Aim of the exercise | The answer should hold only the lines from the one that contains "Designed by Ronan" through the last line of the material, repeated exactly, without pictures.

Input data |
<<<<

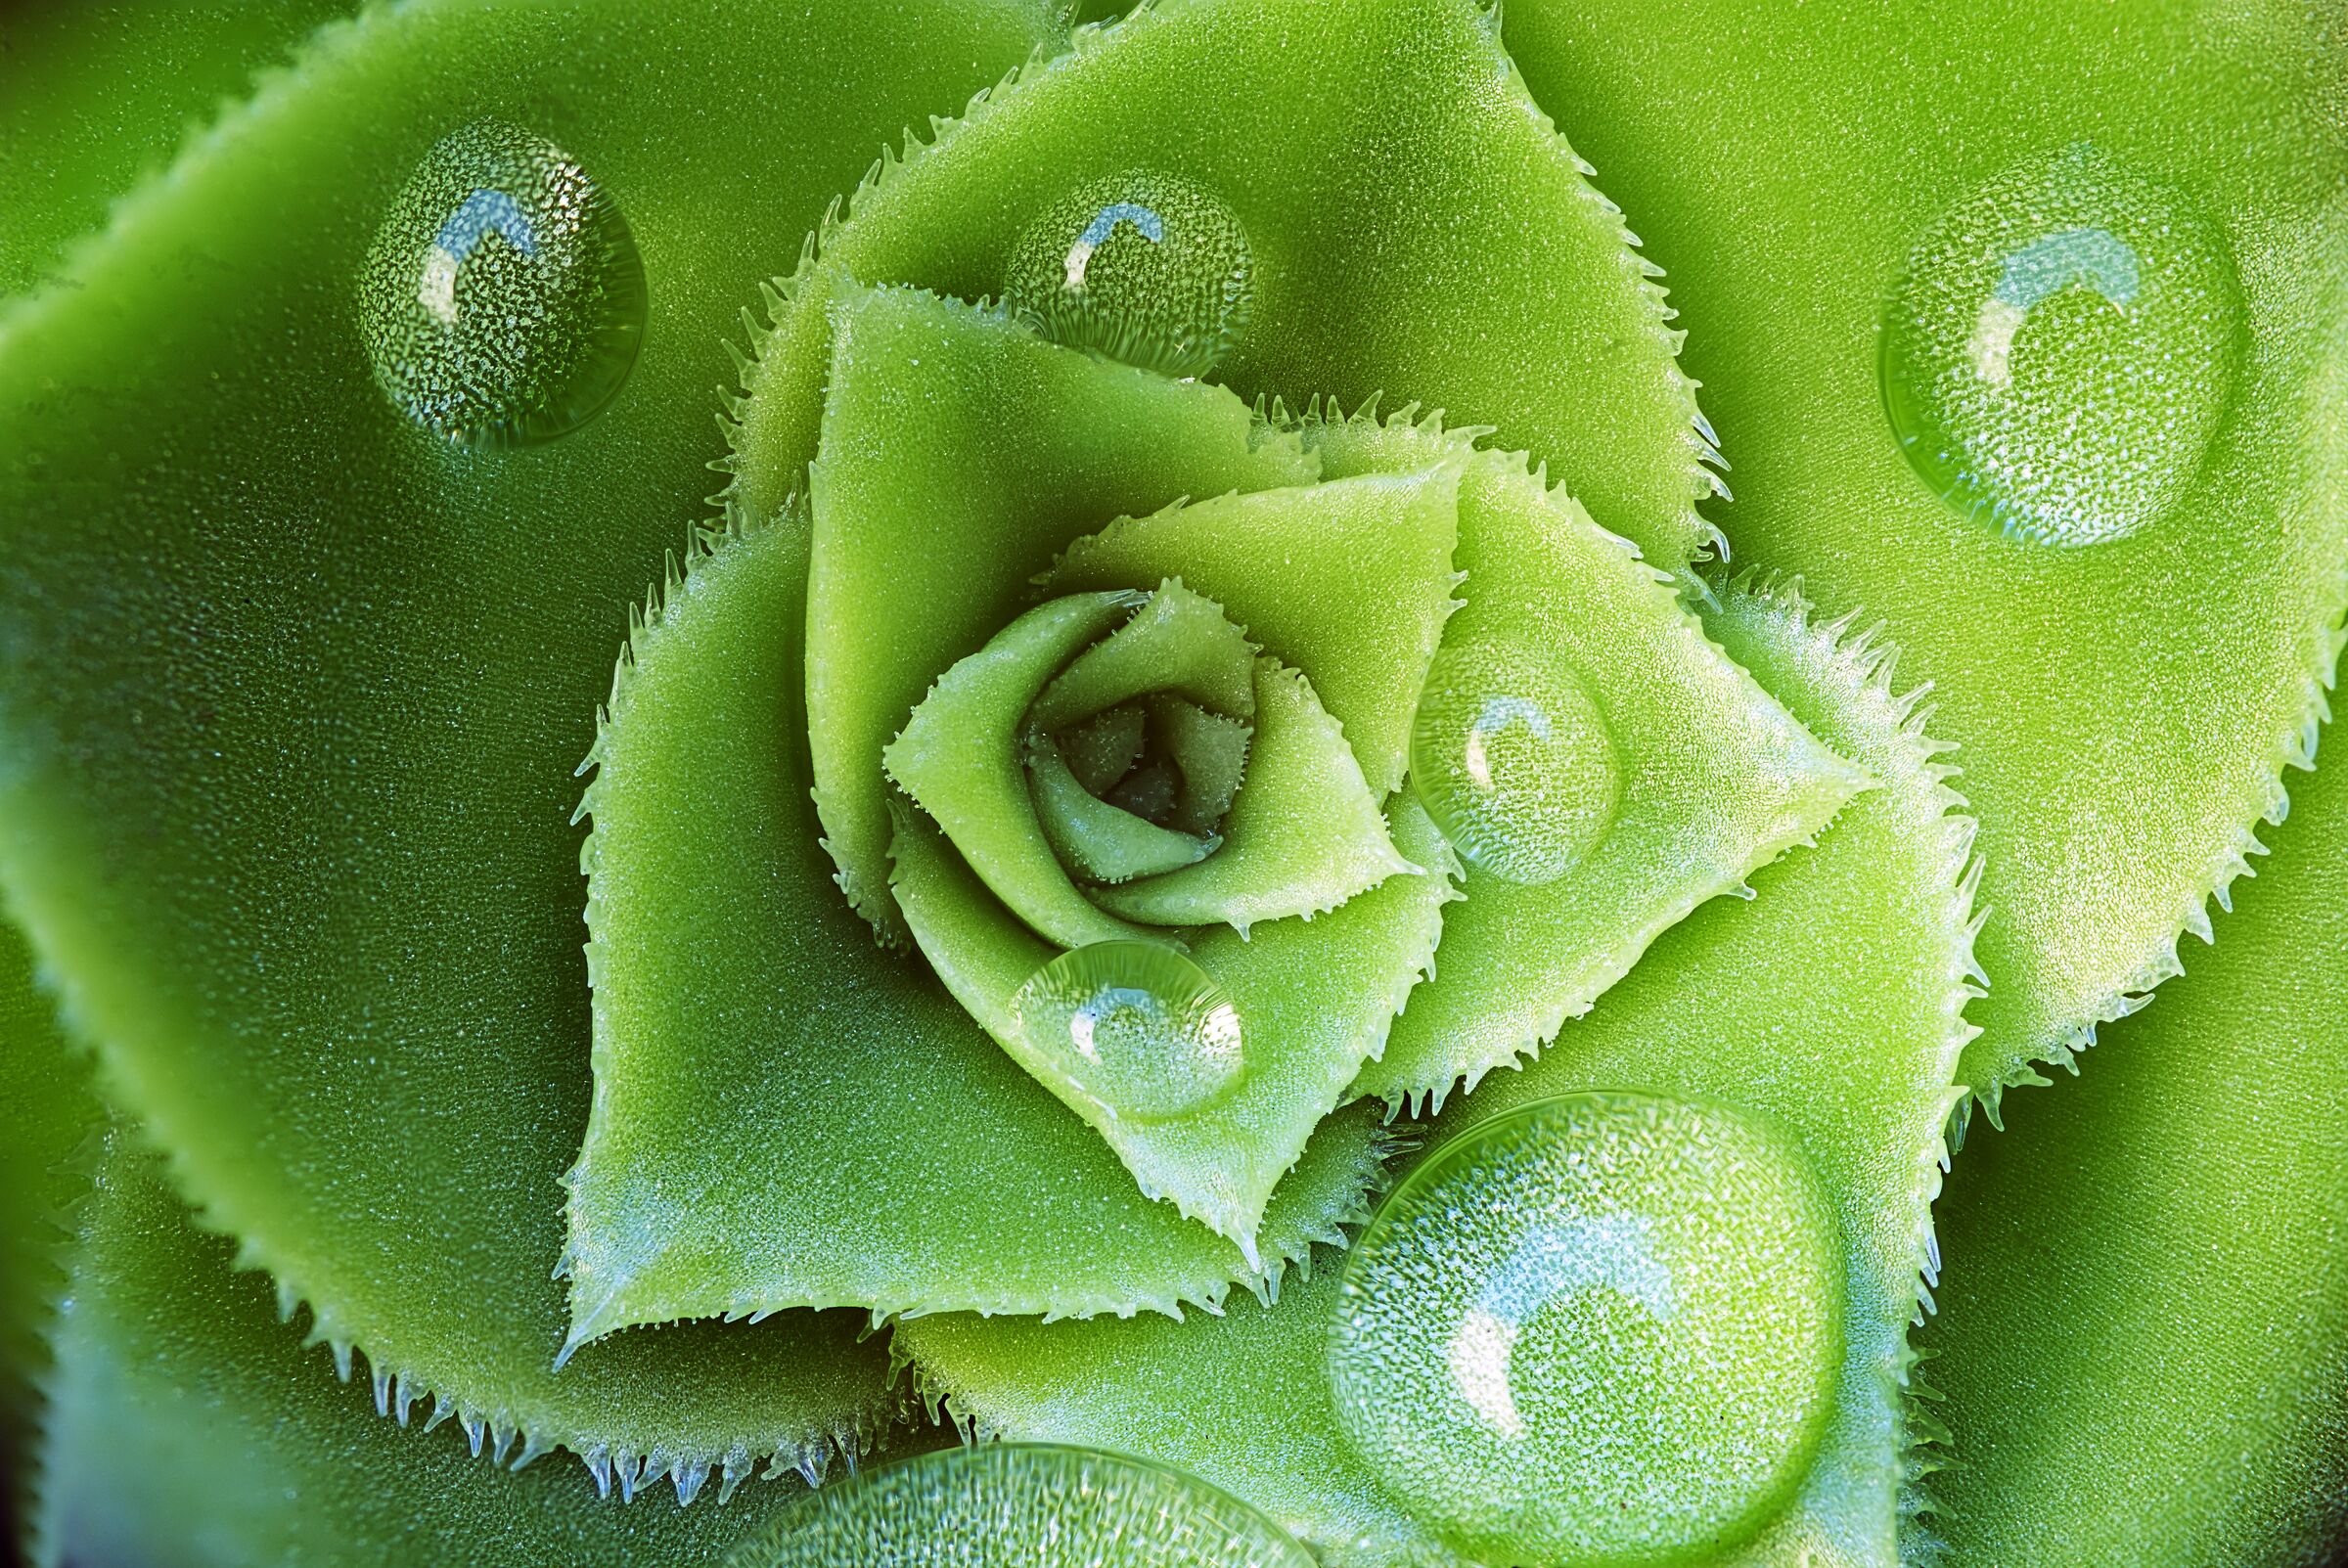 THE DETAIL OF A FLOWER...
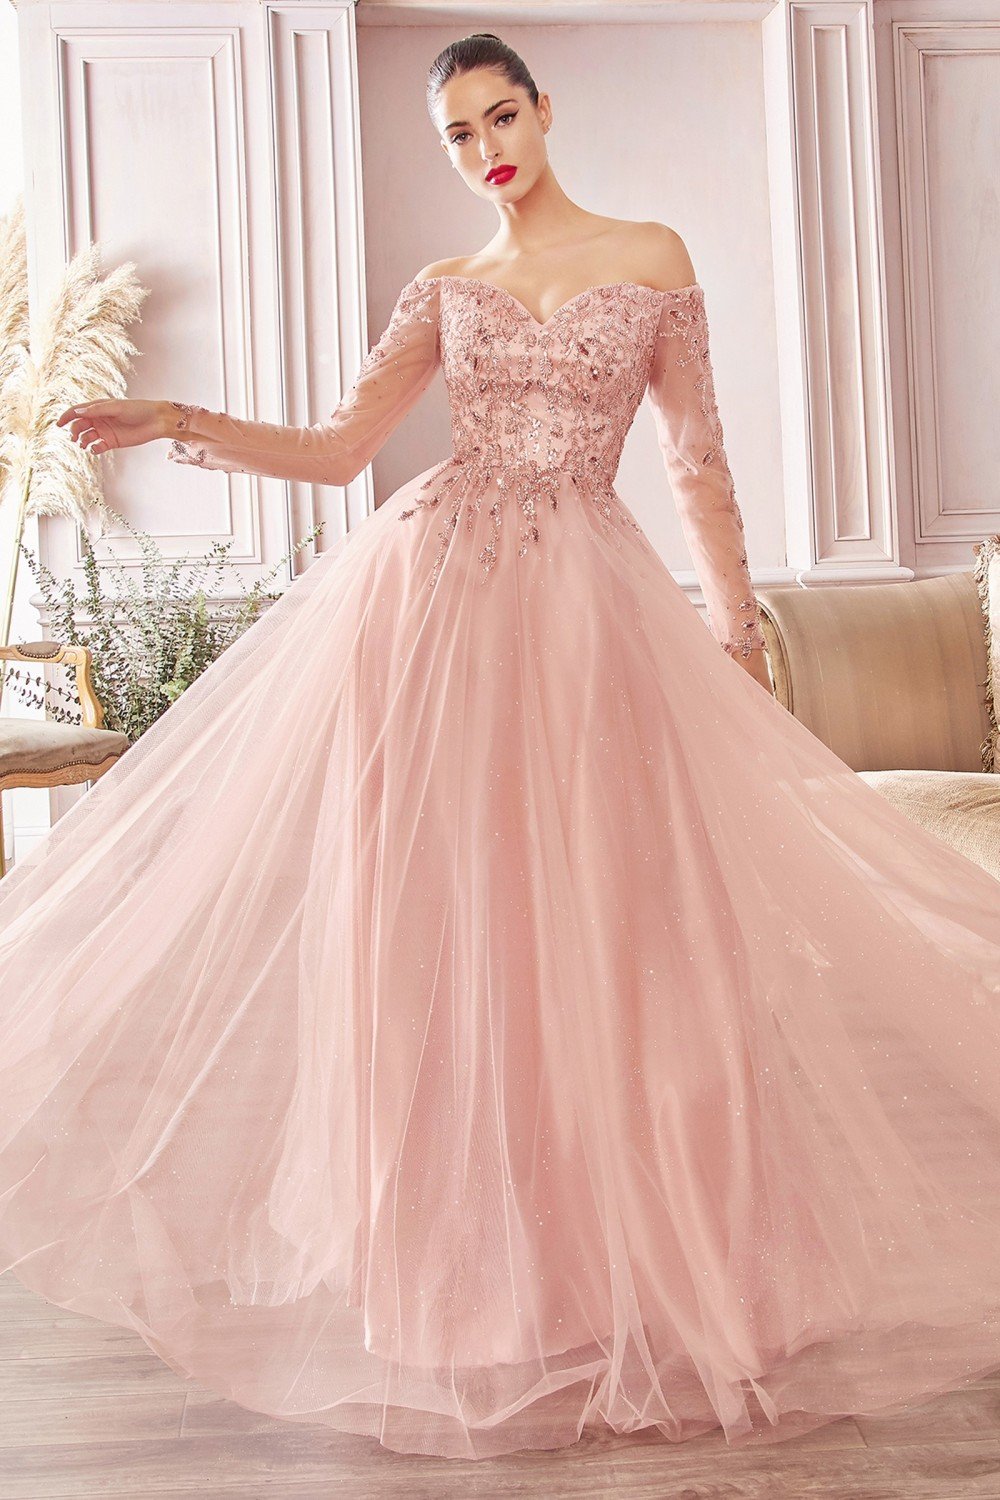 Ruffled Blush Pink Tulle Robe Dress with Long Sleeves - Lunss
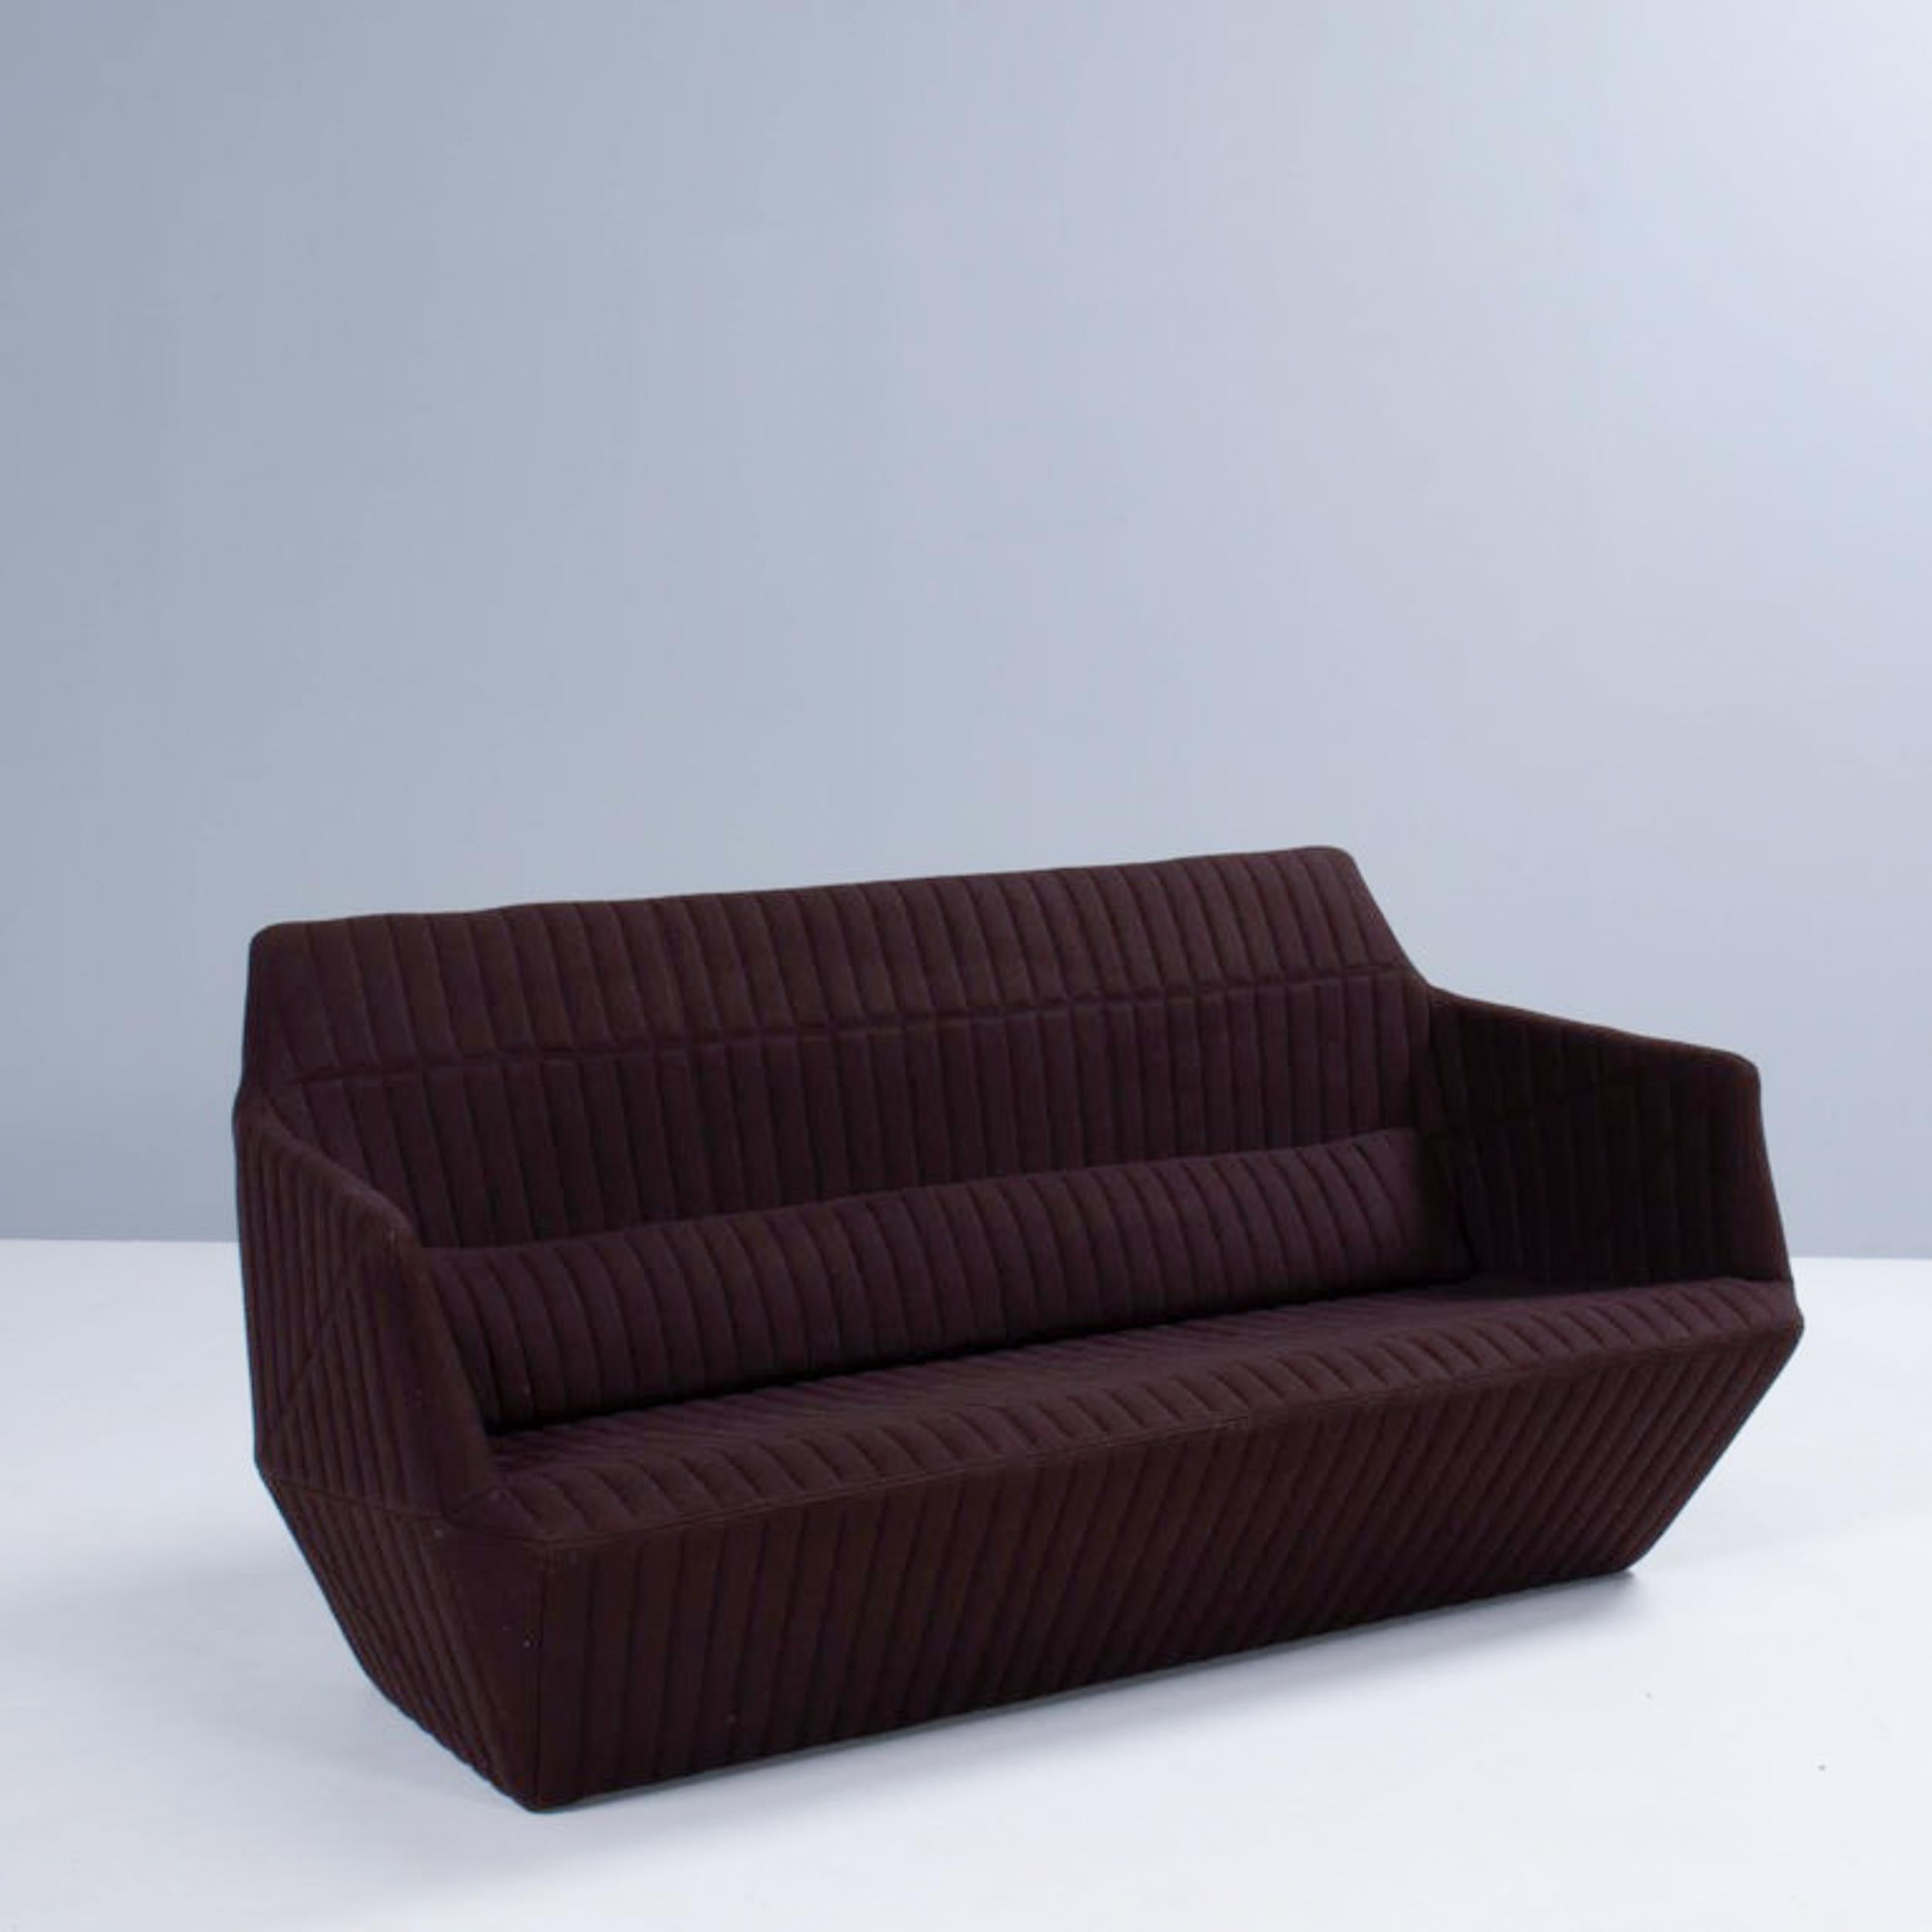 Designed by Ronan and Erwan Bouroullec in 2005, the Facett sofa balances minimalism and complexity to create a sophisticated modern design.

The sofa is a large, single structure with integral back and seat cushions with an additional lumbar

>>>>

Solution to this task |
 Designed by Ronan and Erwan Bouroullec in 2005, the Facett sofa balances minimalism and complexity to create a sophisticated modern design.

The sofa is a large, single structure with integral back and seat cushions with an additional lumbar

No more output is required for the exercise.